> [What needs to be done] Copy without pictures. Please restate each line of the listing exactly.

> [Data section]

___

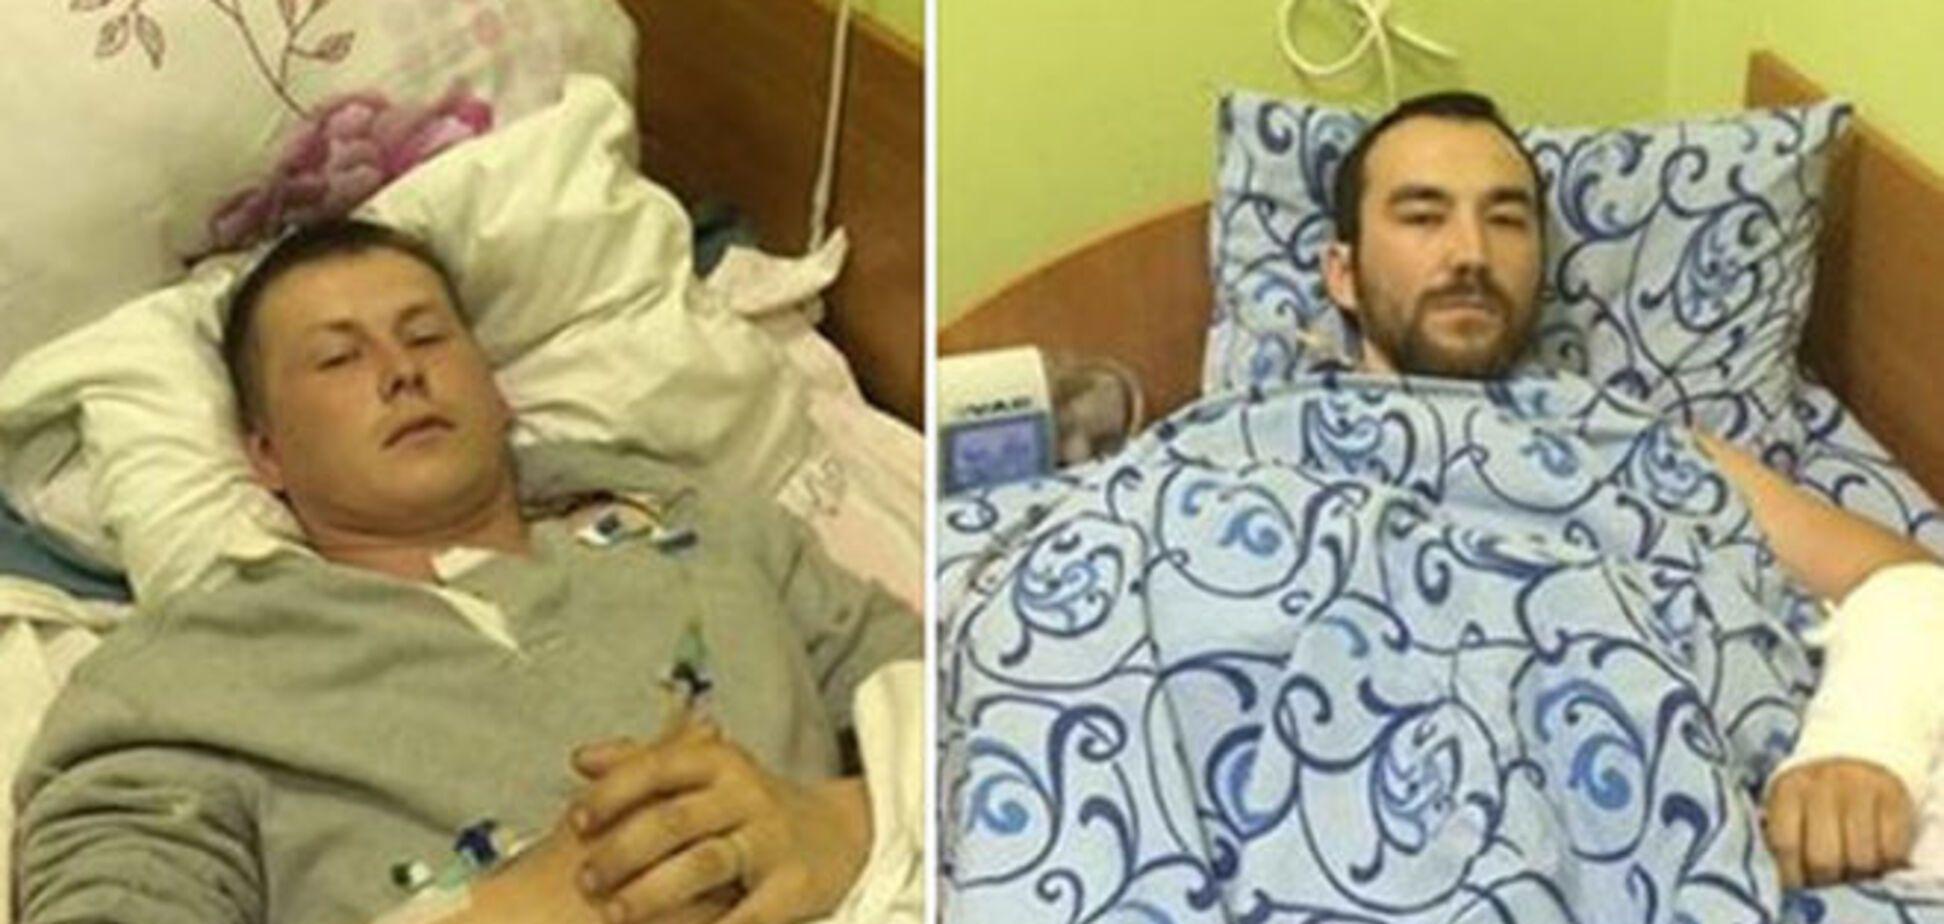 Бабченко звернувся до полонених російських військових: від вас відреклися
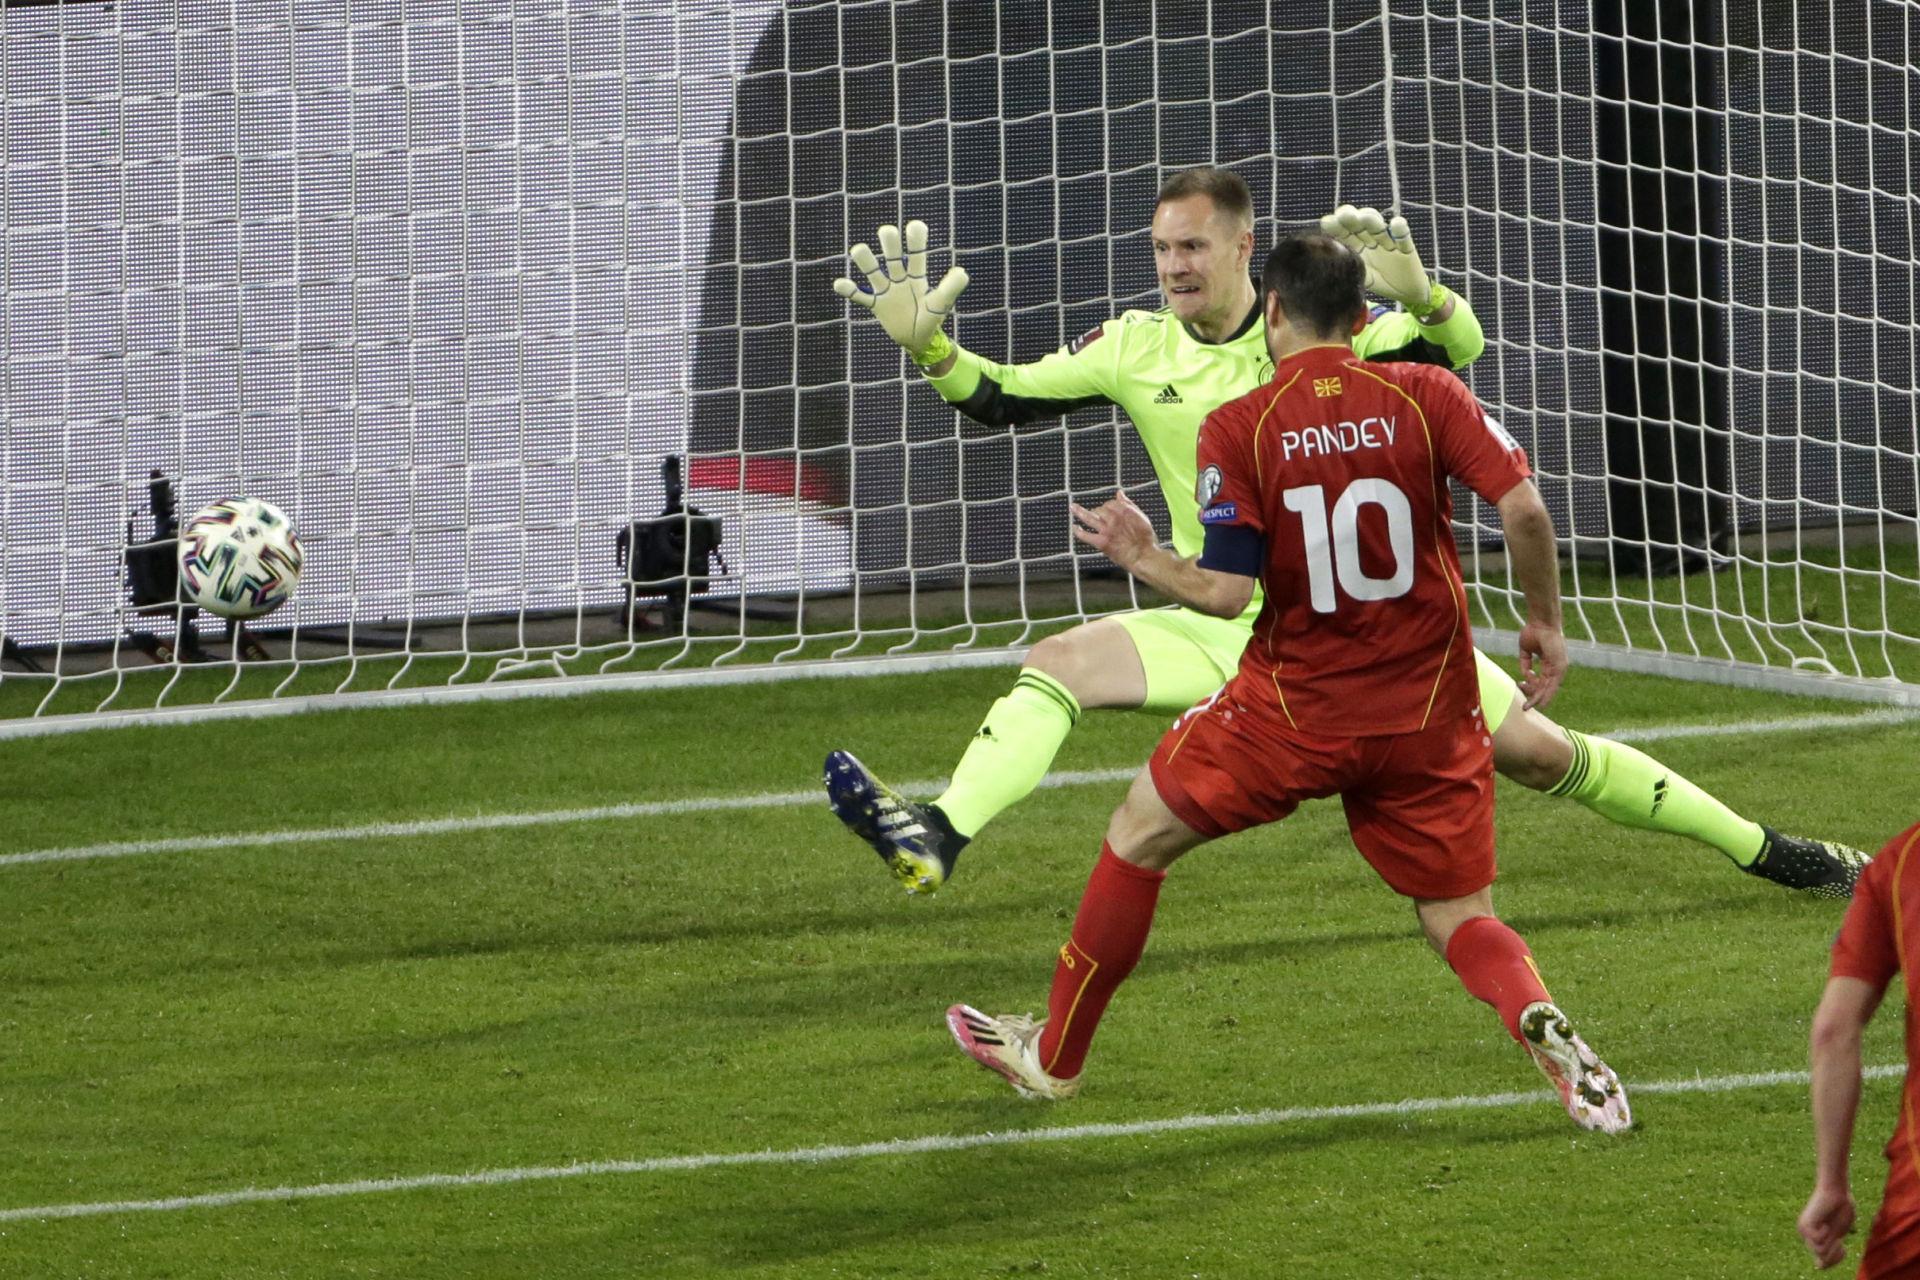 Đức thua bẽ bàng Bắc Macedonia 2-1 ngay tại sân nhà
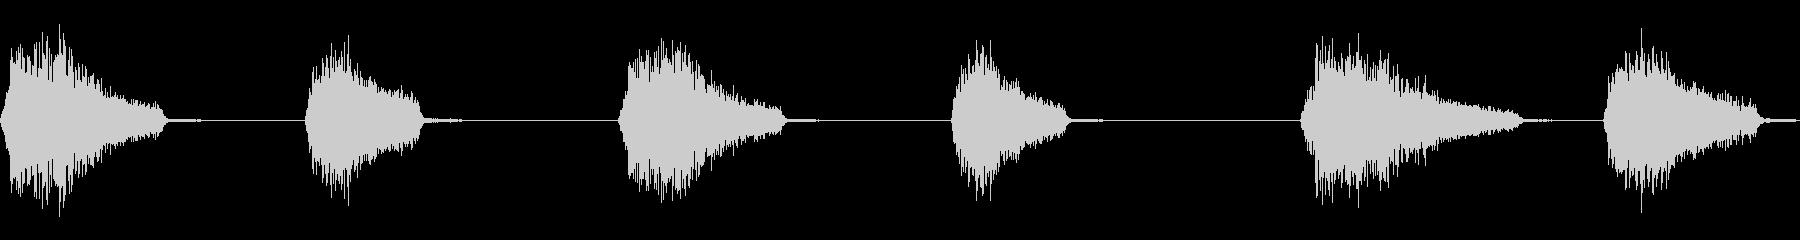 ゾンビの死の叫びの未再生の波形

___

> [Task answer]
 Бабченко звернувся до полонених російських військових: від вас відреклися
 Đức thua bẽ bàng Bắc Macedonia 2-1 ngay tại sân nhà
 ゾンビの死の叫びの未再生の波形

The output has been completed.